**Work required:** Return, exactly and with nothing added, the line with "Vintage Australian Opal" together with all lines after it through the end of the data below. No pictures belong in the copy.
━━━━━ Dataset extract
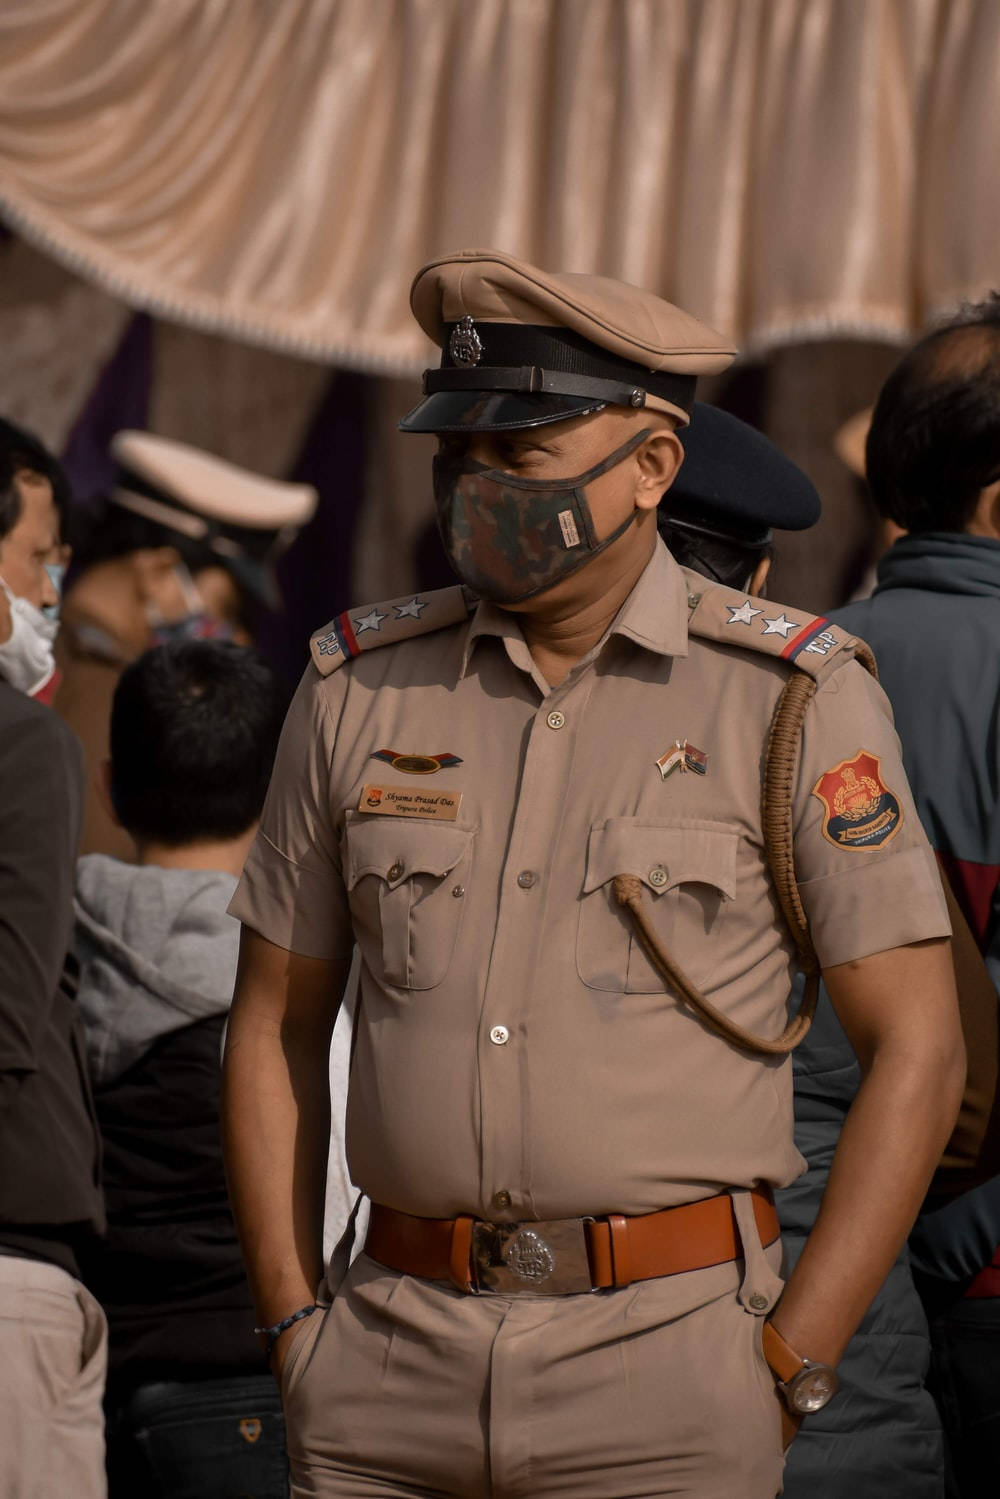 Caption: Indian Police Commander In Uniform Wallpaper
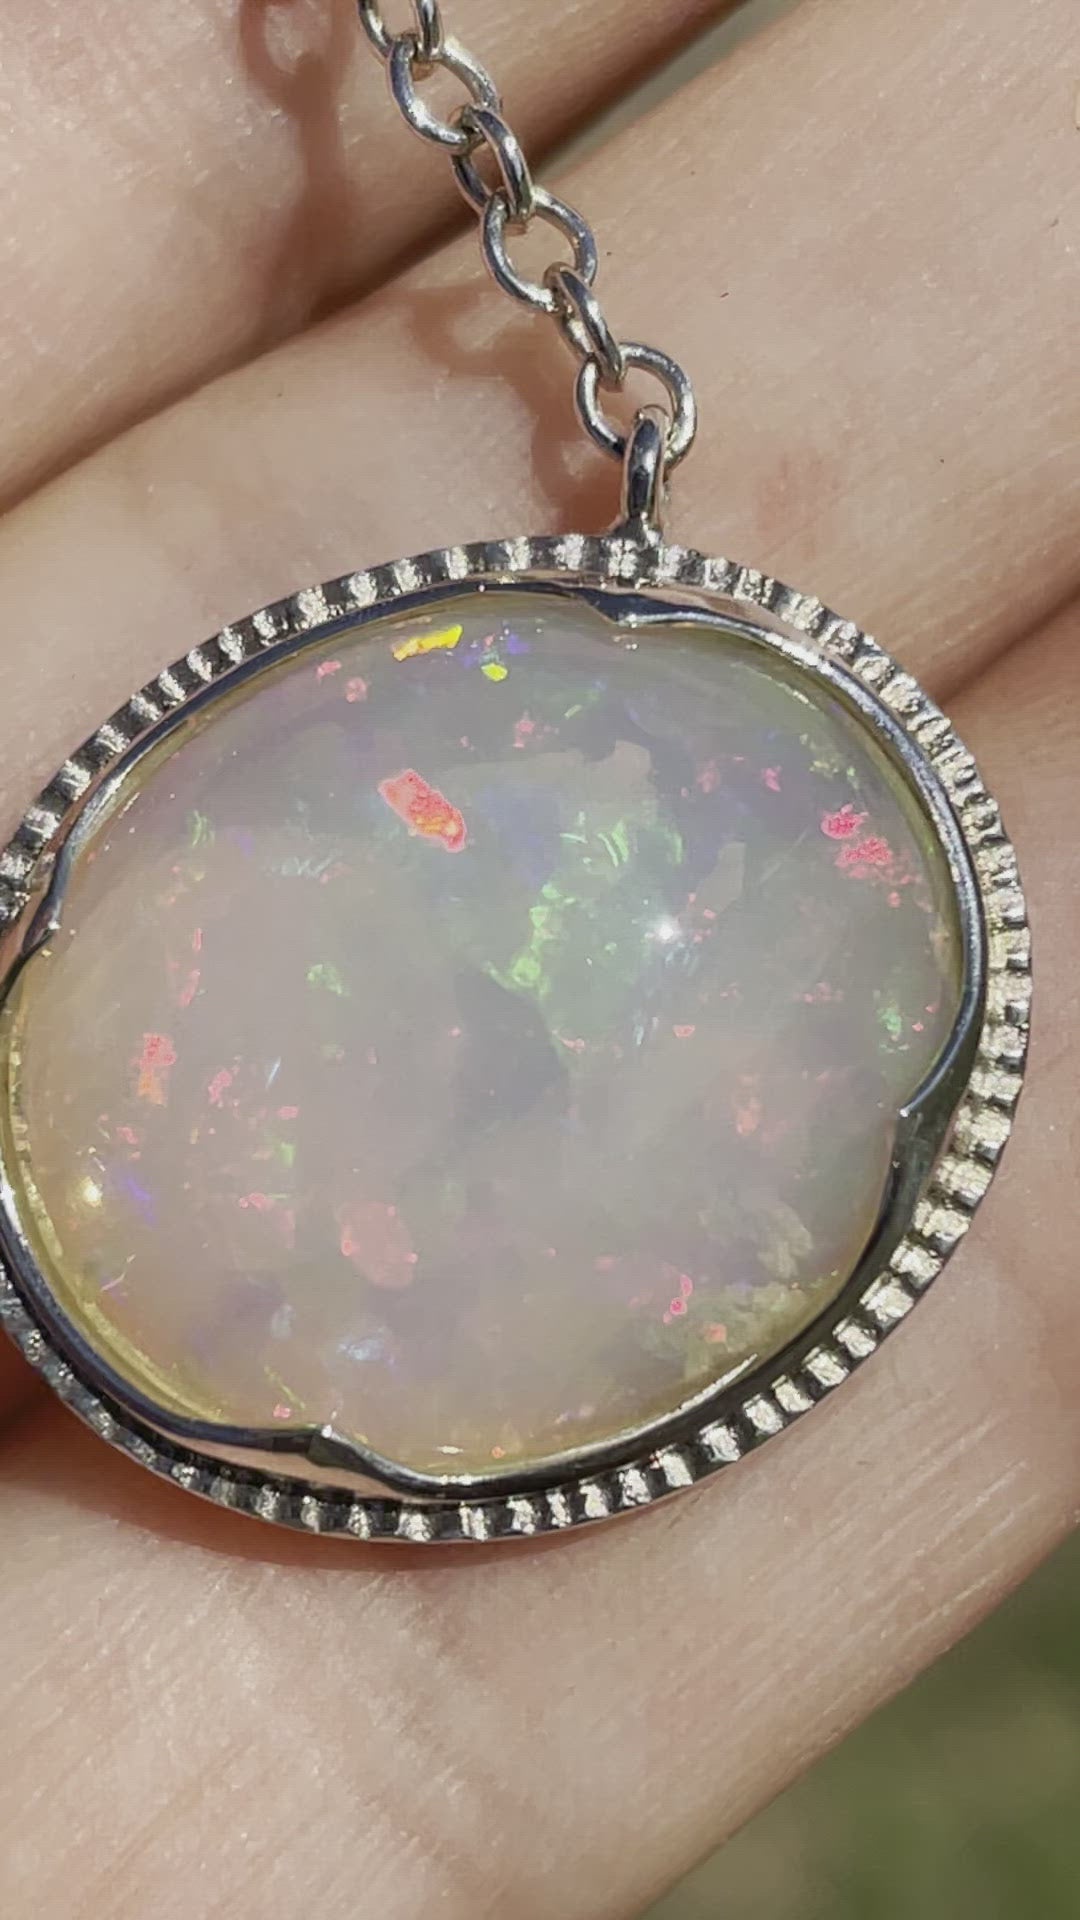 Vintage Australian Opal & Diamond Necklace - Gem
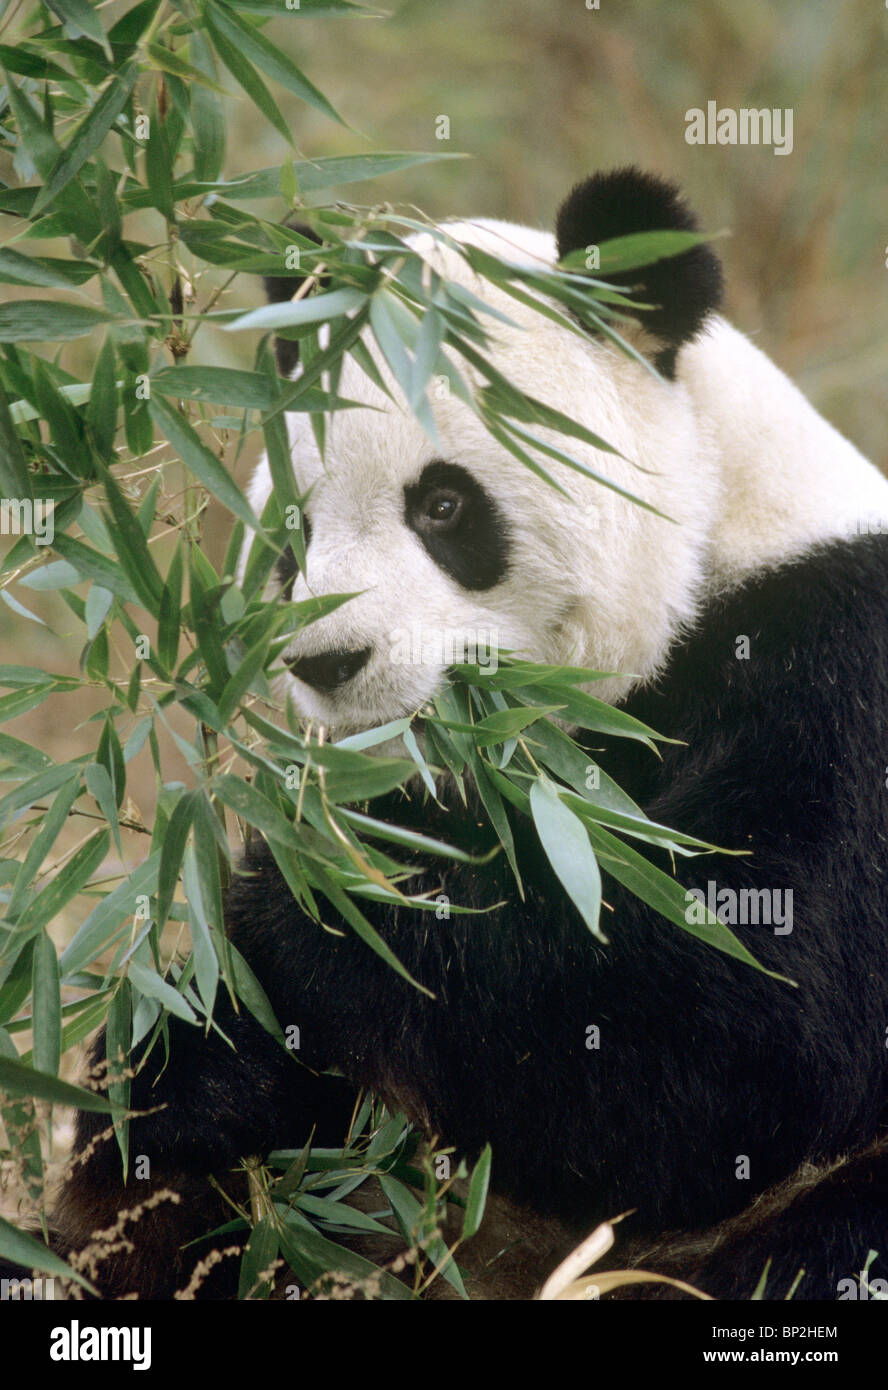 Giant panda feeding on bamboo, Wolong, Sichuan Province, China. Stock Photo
━━━━━━━━━━
**Your response:**
 Vintage Australian Opal & Diamond Necklace - Gem
 Giant panda feeding on bamboo, Wolong, Sichuan Province, China. Stock Photo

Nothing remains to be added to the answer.